_What you are asked to do_
Give back the listing in full and exactly, leaving out the images.

_Dataset section_
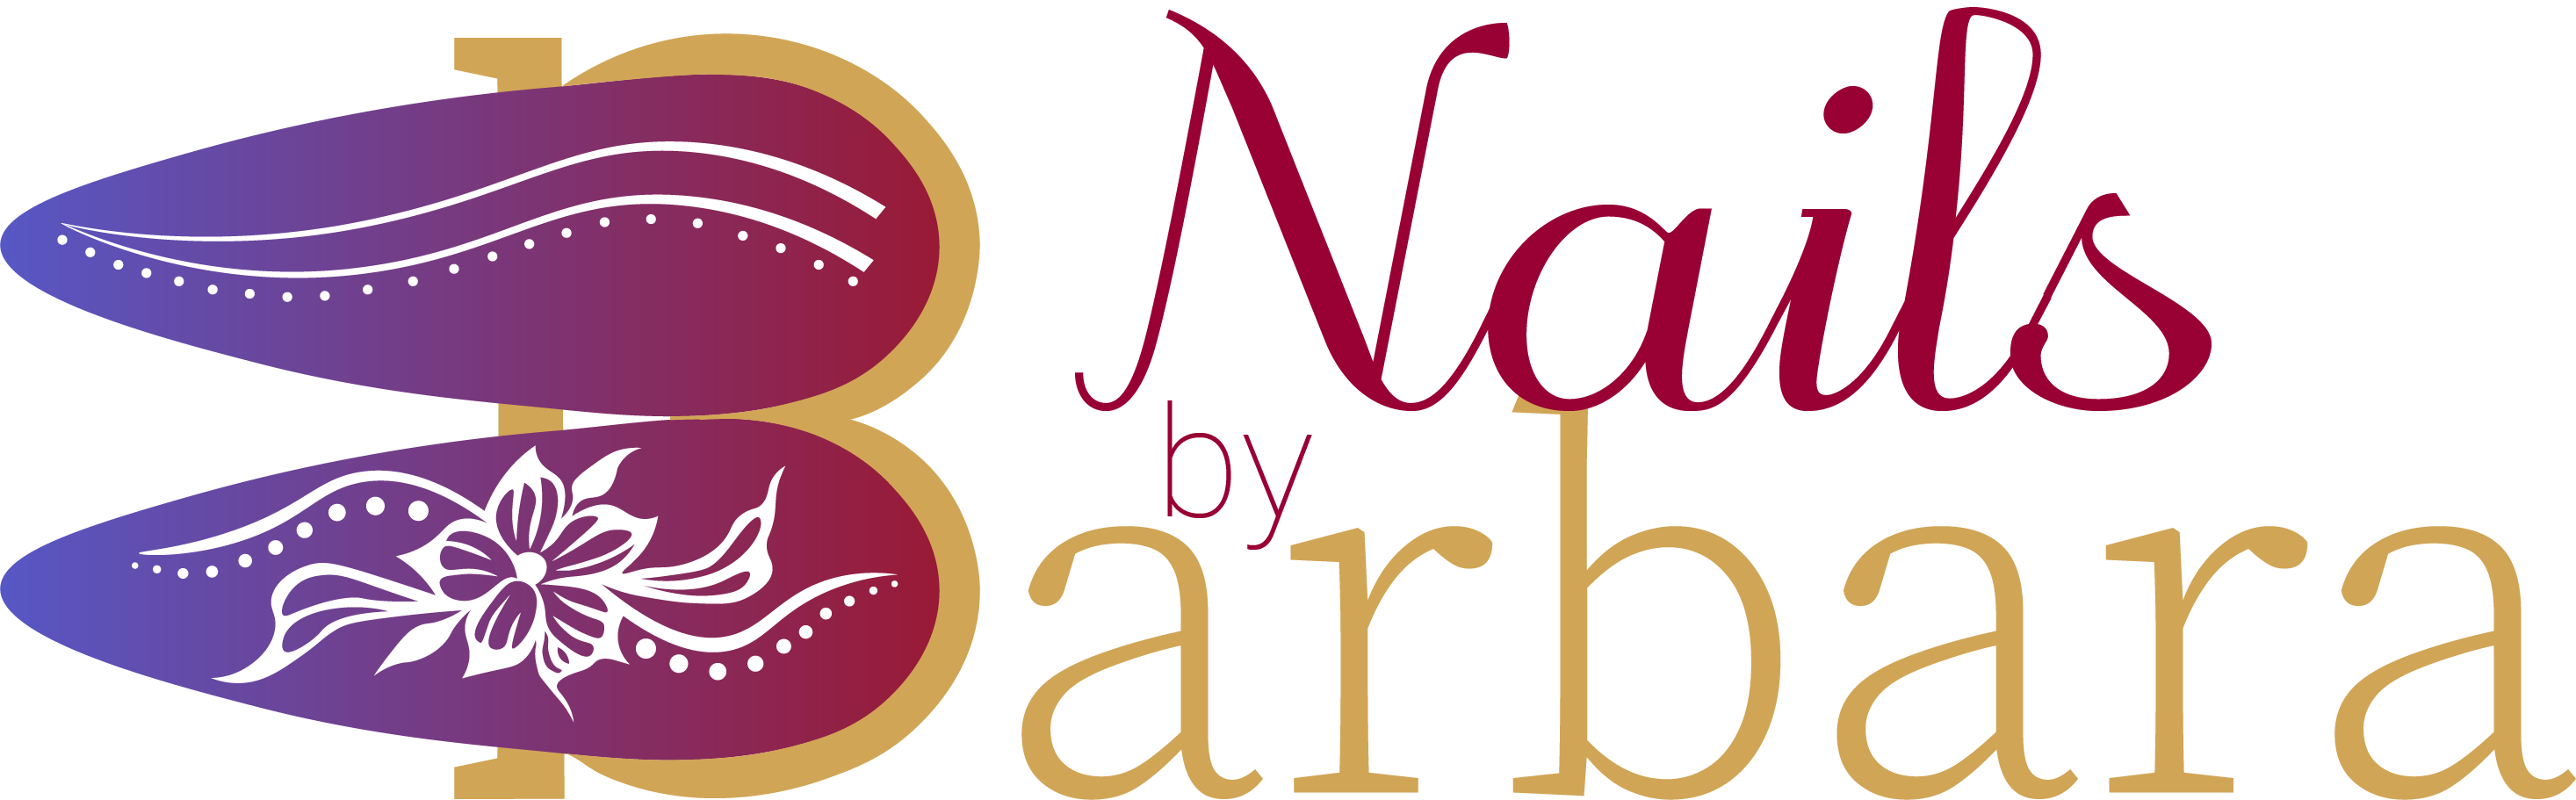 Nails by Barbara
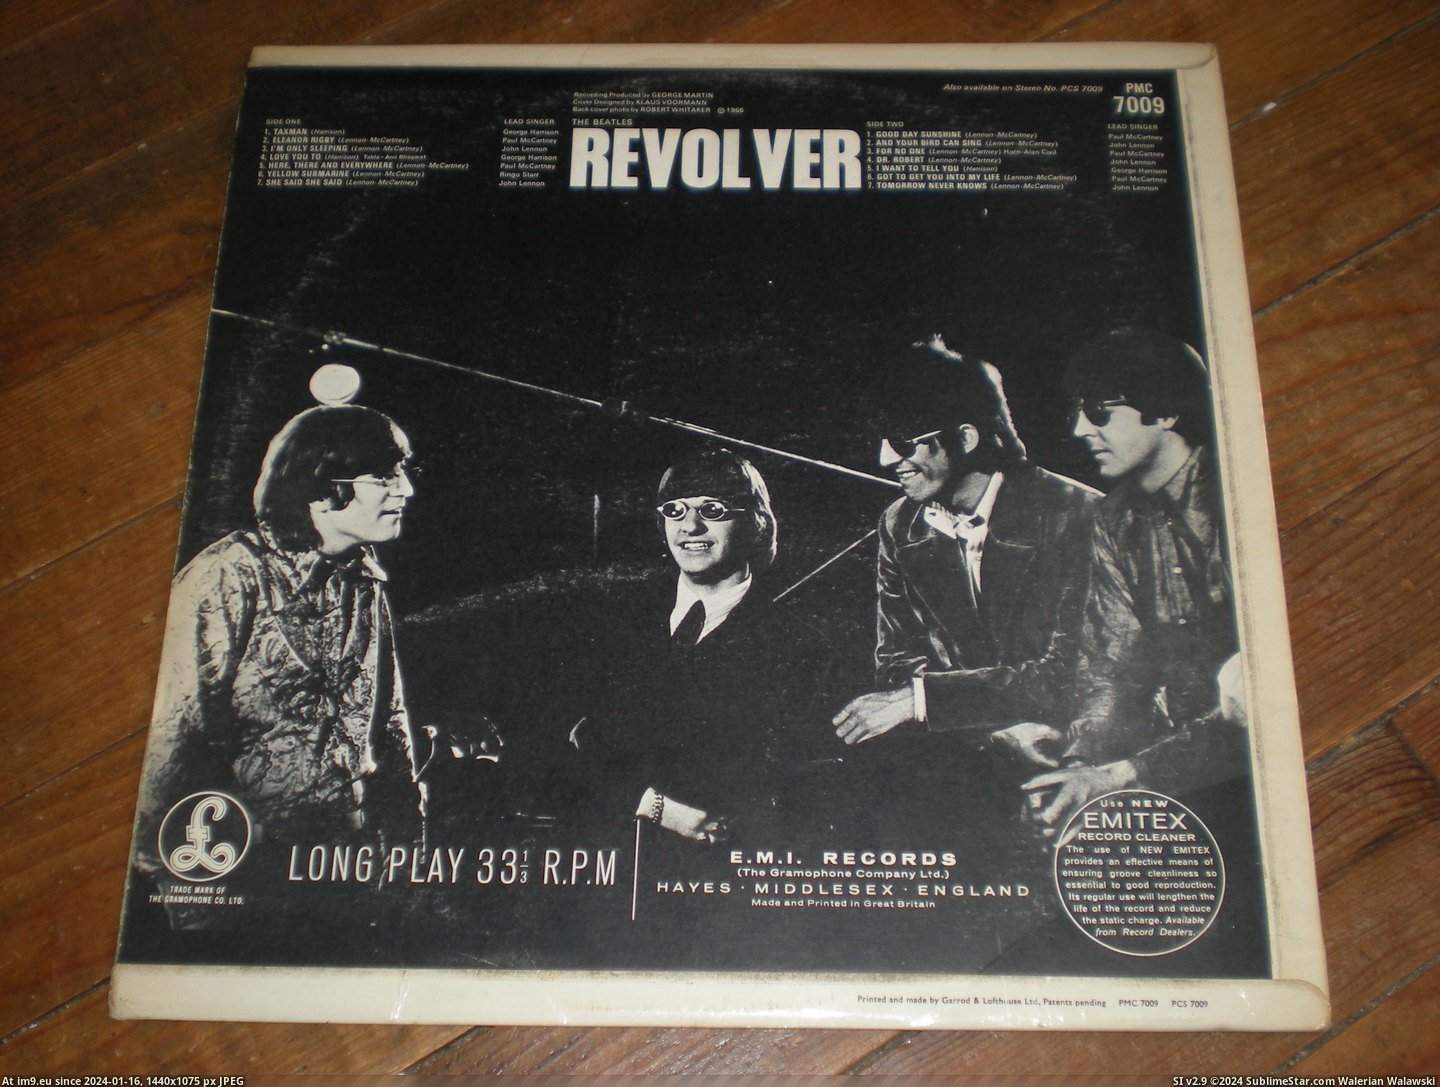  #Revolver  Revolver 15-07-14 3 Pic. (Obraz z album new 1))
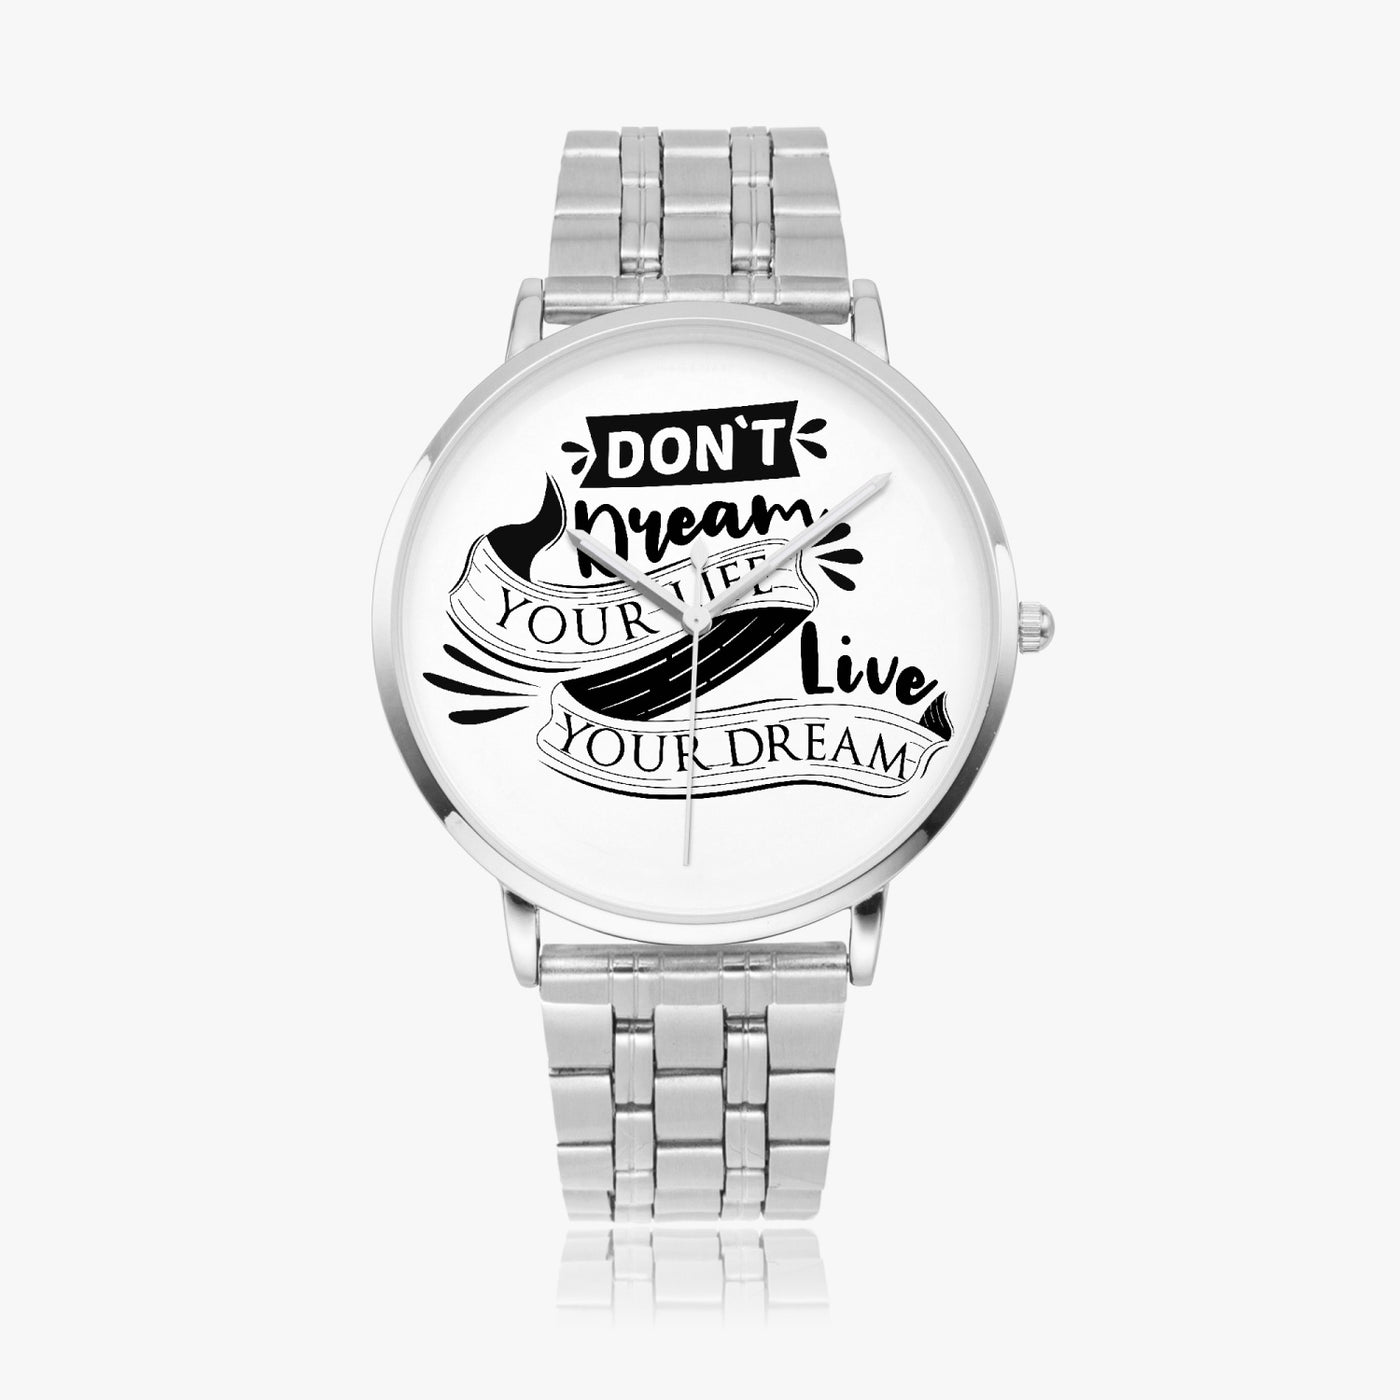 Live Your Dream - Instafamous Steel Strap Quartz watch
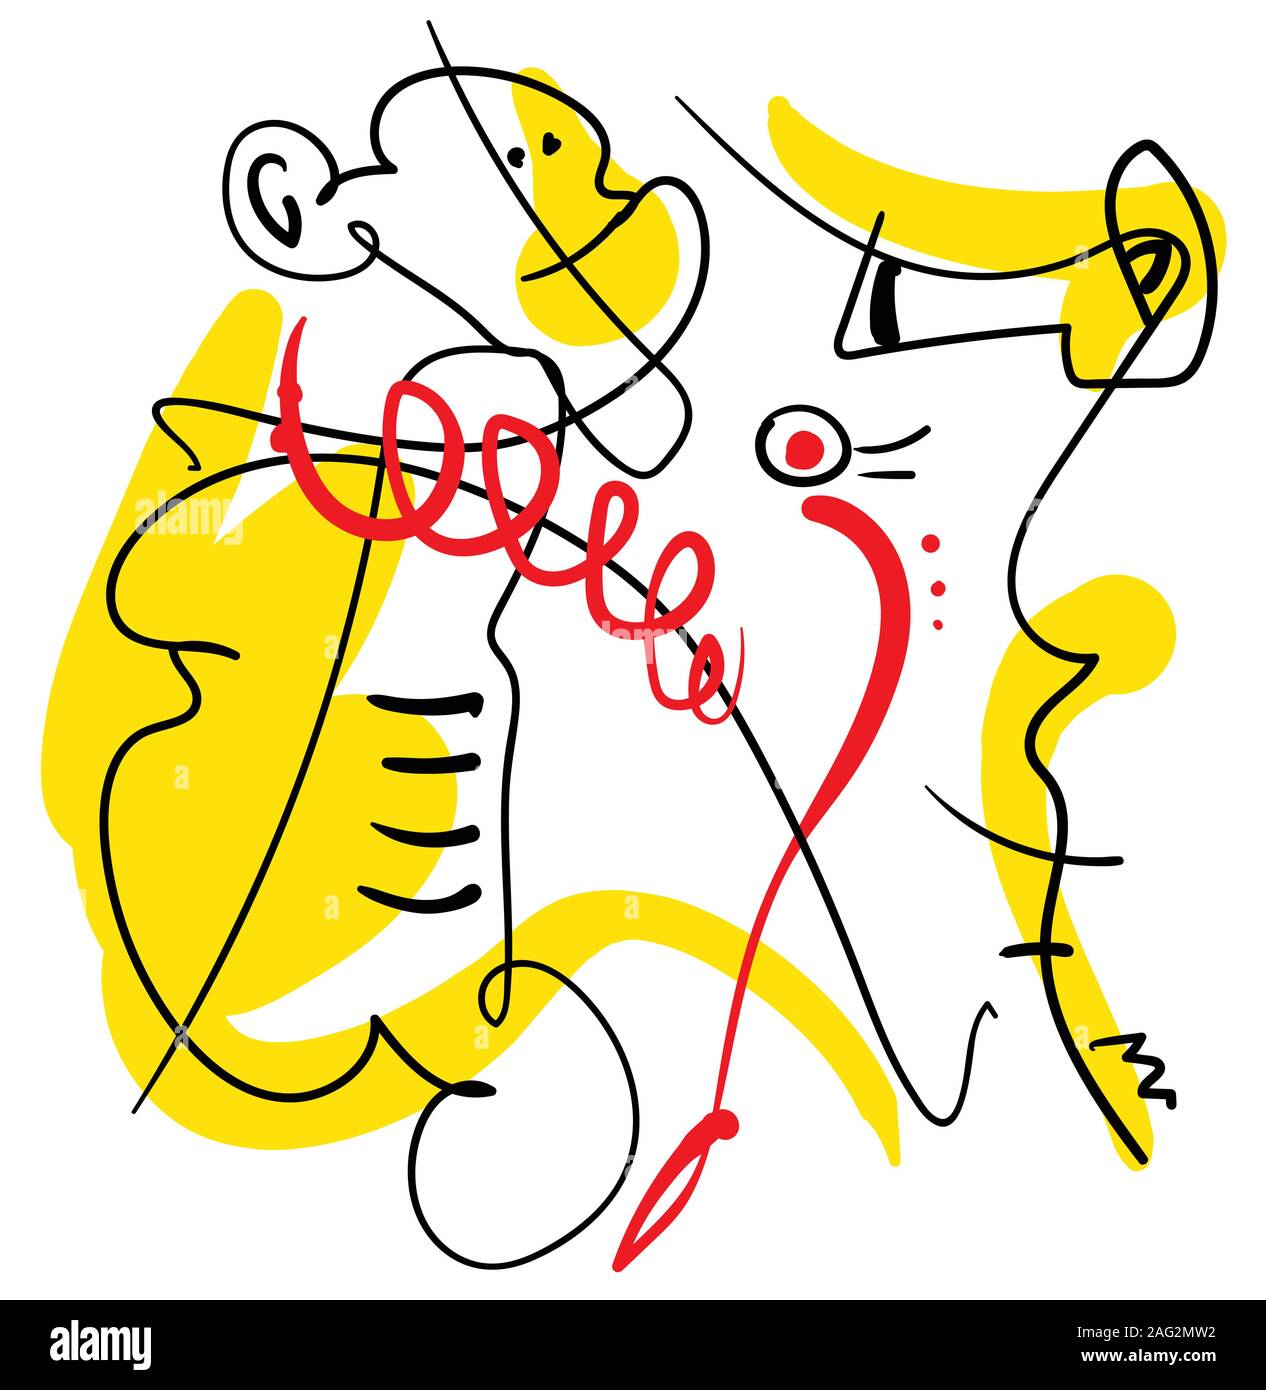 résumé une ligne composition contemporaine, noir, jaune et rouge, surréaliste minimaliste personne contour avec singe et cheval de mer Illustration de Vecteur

_Output below_
 Nails by Barbara
  #Revolver  Revolver 15-07-14 3 Pic. (Obraz z album new 1))
 Live Your Dream - Instafamous Steel Strap Quartz watch
 résumé une ligne composition contemporaine, noir, jaune et rouge, surréaliste minimaliste personne contour avec singe et cheval de mer Illustration de Vecteur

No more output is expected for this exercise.